I remember being sick to my stomach when the first 13th drew near. I was completely beside myself trying to comprehend how I was going to make it through the first time. The first month anniversary of the worst day of my life.
My mother is the one that came up with it. She’s really good about things like that. Coming up with some kind of way to make it through. I will never forget the penny she pressed into my hand before we walked to the front of the church to celebrate our daughter’s life with the date 2016 inscribed into its still like-new shine. Whispering in my ear, “In God we trust.” Sometimes, it’s as simple as that. Trust.

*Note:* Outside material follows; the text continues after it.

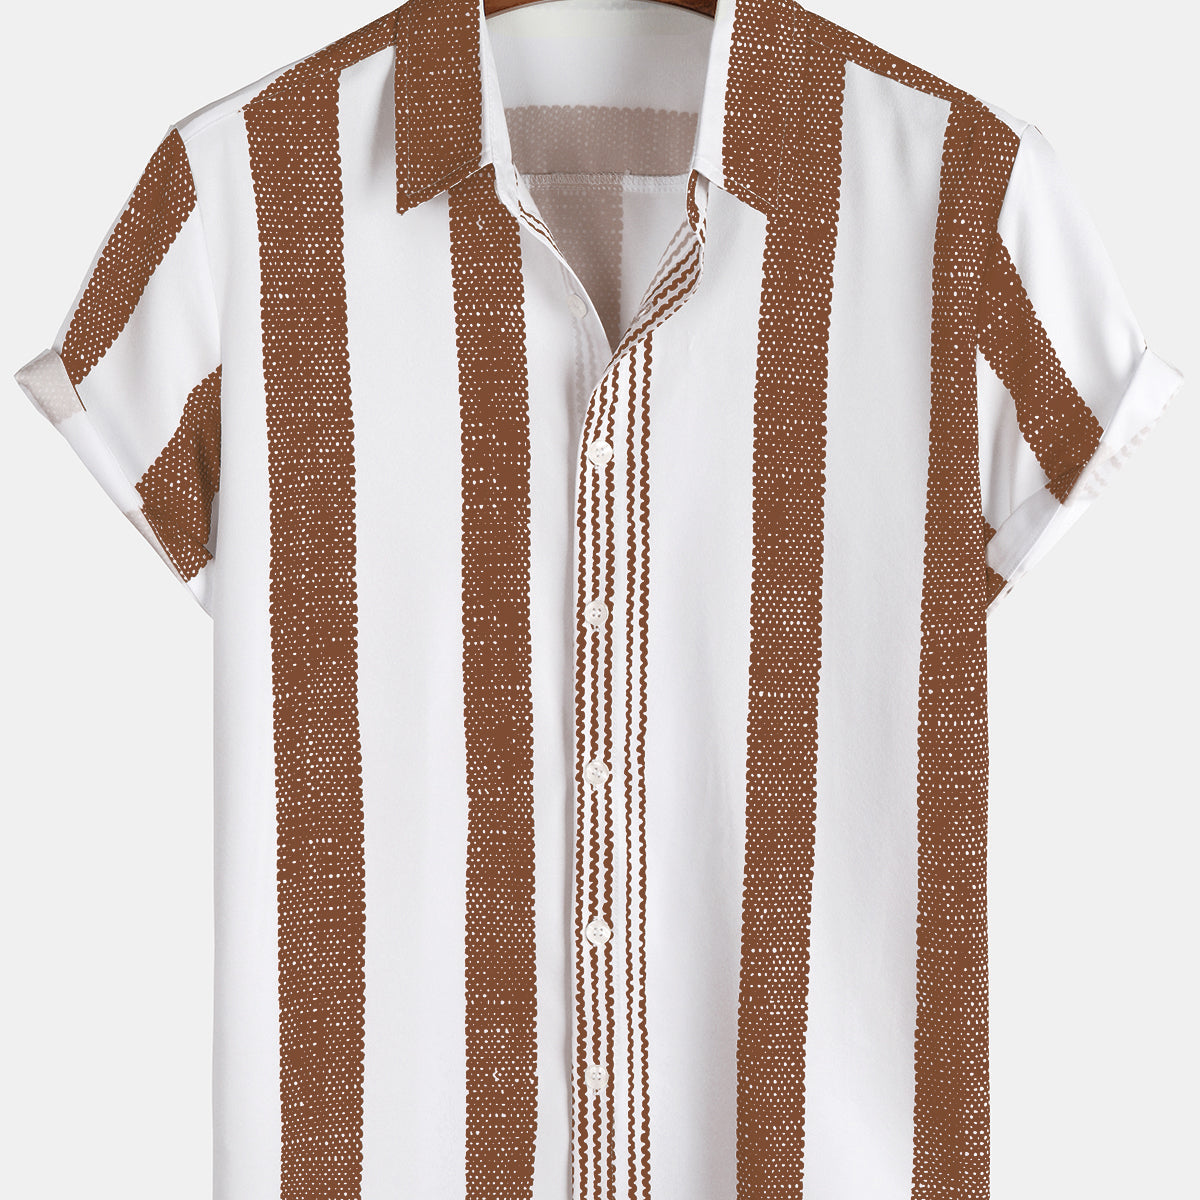 Camisa casual de manga corta con rayas verticales marrón vintage para hombre

My mom is a lot of the reason I am the way I am. She’s a lot of the reason I can do what I do. So, in the days leading up to the first 13th, in typical mom fashion, she said, “what about doing something good? What about finding a way to honor Sayge on that day? What about putting all your energy and focus on what you can do, instead of all that you can’t?” And, I remember feeling the anxiety ease a little. The trust in what God could do through all my brokenness growing and changing my perspective a bit. Having something to plan for her. Allowing the idea that maybe just maybe, the 13th could be tolerable. But, I was just about as helpless as could be. So my mom stepped in and bought some trays and some flowers. She baked some cookies and brought me pretty stationery bordered with wildflowers.
I knew exactly who it was I wanted to do something for. Who it was I wanted to be involved in for our first act of kindness for Sayge. The firemen. The ones who greeted me at my worst. The ones I ran outside to meet as soon as I heard the sirens. The ones I handed my sweet daughter over to pleading frantically for them to save her. The ones who tried everything they possibly could. The ones who fought with everything they had for her. I felt like they held a piece of her and that she will forever be a part of their lives now. I wanted to do something for them.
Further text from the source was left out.